25 avril 2007

Le jeu des différences pas importantes: le retour de la file d’attente

Vous vous rap­pel­lez peut-être que j’ai récem­ment abordé le pro­blème des files d’attentes Cana­diennes. Eh bien lors de notre der­nier week-end de glisse, j’ai pu consta­ter une dif­fé­rence cho­quante dans les files d’attentes aux remon­tées mécaniques.

En France, c’est simple, y’a des bar­rières qui concentrent les gens jusqu’à n’avoir plus que le nombre néces­saire de per­sonnes pour le télé-siège. En fonc­tion des gens qui grugent, et de ceux qui veulent res­ter en groupe, les télé-sièges sont plus ou moins remplis.

Par ici, dans un souci écoeu­rant d’optimisation mondialo-capitaliste du ren­de­ment des télé-sièges per­met­tant de mini­mi­ser l’attente de la clien­tèle et ainsi de maxi­mi­ser le fac­teur éco­no­mique de cette énorme machine mar­ke­ting qu’est une sta­tion de ski, on trouve une petite file d’attente sup­plé­men­taire sur le côté. Il s’agit de la file des “singles”, à savoir les gens tous seuls. Cette file rejoint la file prin­ci­pale à la fin, et per­met ainsi de com­plé­ter tous les télé-sièges, s’assurant de leur plé­ni­tude. Euh, de leur plein­ti­tude. Enfin du fait qu’ils soient pleins, quoi (c’est moi ou il manque des mots à la langue française?).

C’est hon­teux. Du coup on se retrouve à côté de gens qui vous sortent des “oh bah il fait beau aujourd’hui”, ou encore “c’est la pre­mière fois que je viens par ici, c’est sym­pa­thique”, voire même “eh, gars, ça te dit de s’amuser à cra­cher sur les gens qui passent en des­sous?”. Alors qu’on pour­rait se la cou­ler douce à 3 sur un truc pour 5, à se prendre en photo et à chan­ter des chan­sons Savoyardes. Mais non. Du coup, on est à 5 sur un truc pour 5, et, euh, on se prend en photo, et on chante des chan­sons Savoyardes. Bah, c’est pas plus mal, ça exporte la culture fran­çaise, tiens.

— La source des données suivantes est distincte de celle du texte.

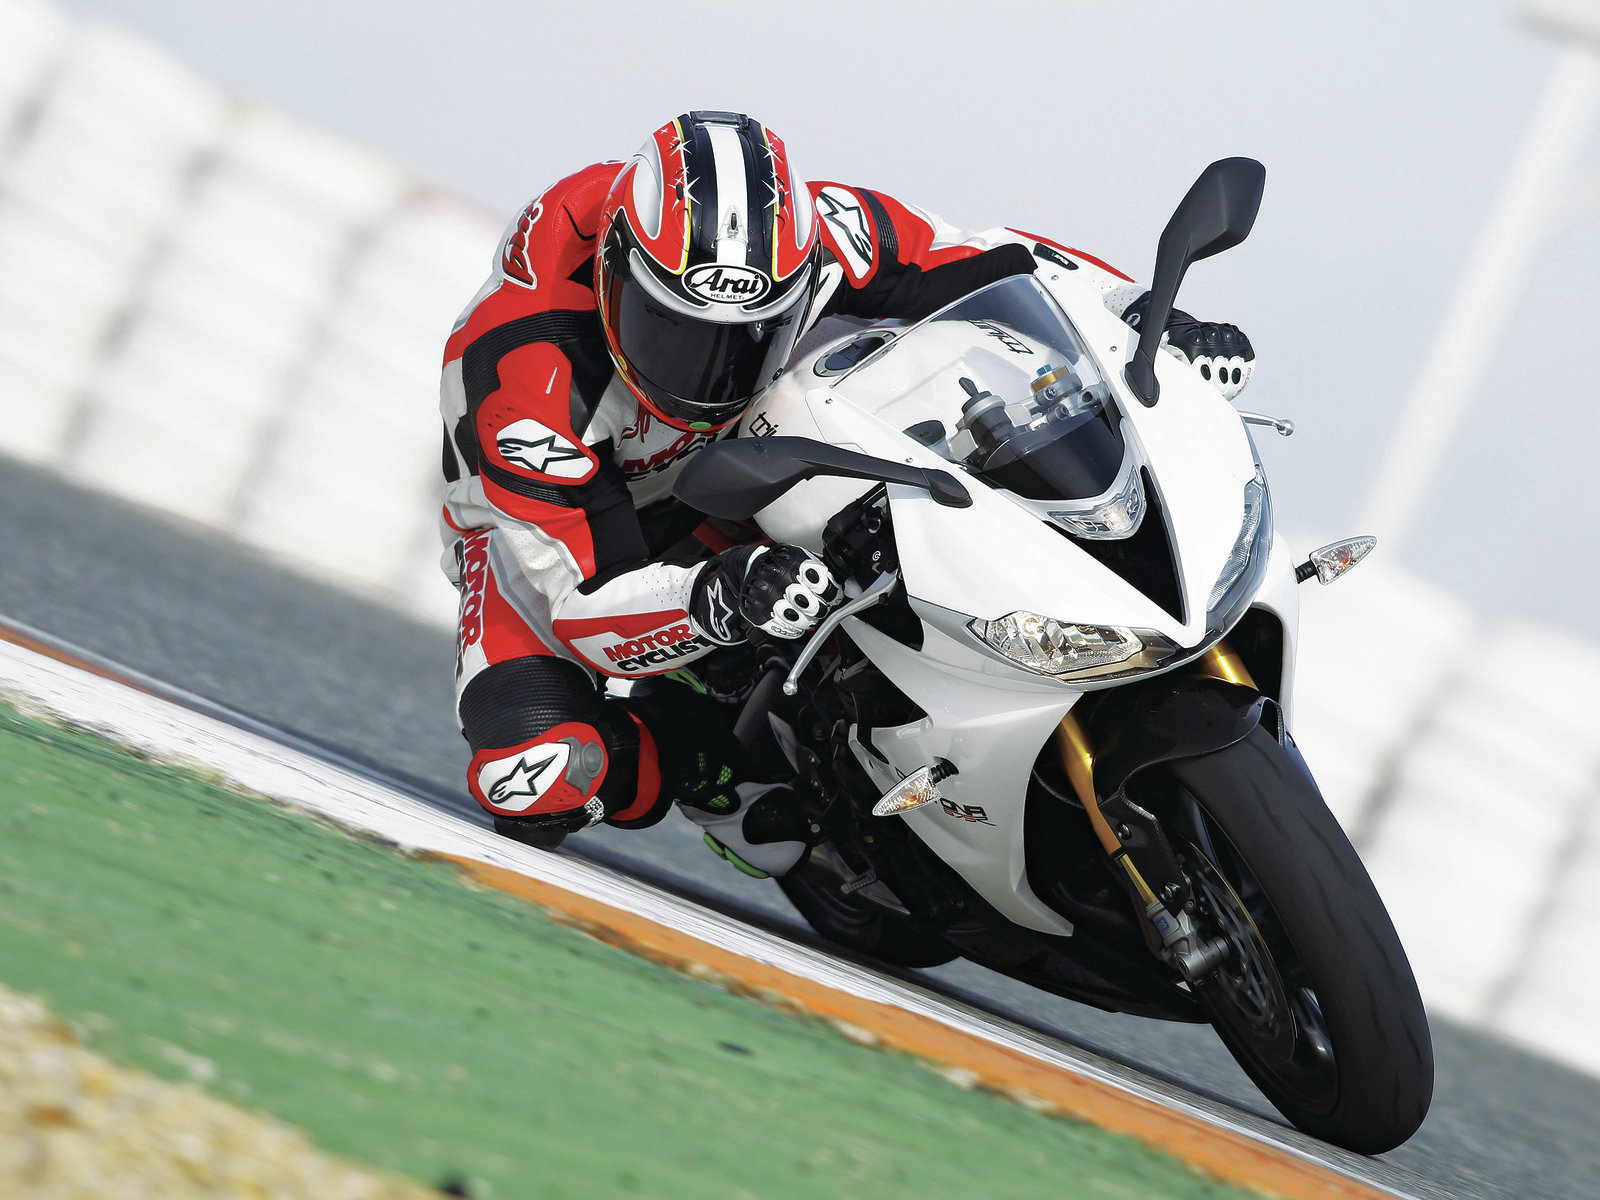 2013 Triumph Daytona 675r Motorcyclist

7 réponses à “Le jeu des différences pas importantes: le retour de la file d’attente”

  1. Pierre dit :

    Sans comp­ter sur tes­ter des incon­nus sur leur apti­tude à recréer l’orchestre du Mup­pets Show à la bouche…

  2. Bertrand dit :

    Et encore, le plus écoeu­rant est le petit Hit­ler d’opérette qui orchestre la file d’attente en com­po­sant les groupes pour s’assurer que tous les sièges soient rem­plis. Je ne parle même pas de la dis­ci­pline avi­lis­sante des skieurs qui se prêtent ser­vi­le­ment à ce petit jeu.
    C’est bien simple, depuis que j’habite ici, on ne m’a mar­ché sur les skis qu’une fois. Et encore, le type, pro­ba­ble­ment effrayé par la pers­pec­tive d’un pro­cès, m’a glissé un billet de $20 pour s’excuser…

  3. Axel dit :

    Com­plé­tude ;)

  4. Max dit :

    Wahoo, je suis inter­lo­qué par ton post.
    Je ne te suis pas trop quand tu parles “d’optimisation mondialo-capitaliste”. Il y a juste une file sup­plé­men­taire pour bou­cher les trous et faire en sorte que tu attendes moins dans la file d’attente.
    Aucun lien avec une “maxi­mi­sa­tion du fac­teur éco­no­mique” : tu as déjà acheté ton for­fait !
    Je trouve que c’est juste une bonne idée !
    PS : Pitié, au nom des fran­çais expa­triés, arrête de chan­ter des chan­sons de beauf sur les télé­sièges ou de par­ler trop fort dans la rue !

  5. stephanie dit :

    Non non Ludo vou­lait bien dire que ça le fai­sait super chier de ne plus attendre des heures aux télé­sièges et se peler en attendant.

  6. ludovic dit :

    Voila, ste­pha­nie, merci :)

    Et Max, rassure-toi, je ne chante pas des chan­sons Savoyardes, en vrai. Je chante des chan­sons du Nord-Pas-de-Calais, c’est vache­ment plus classe.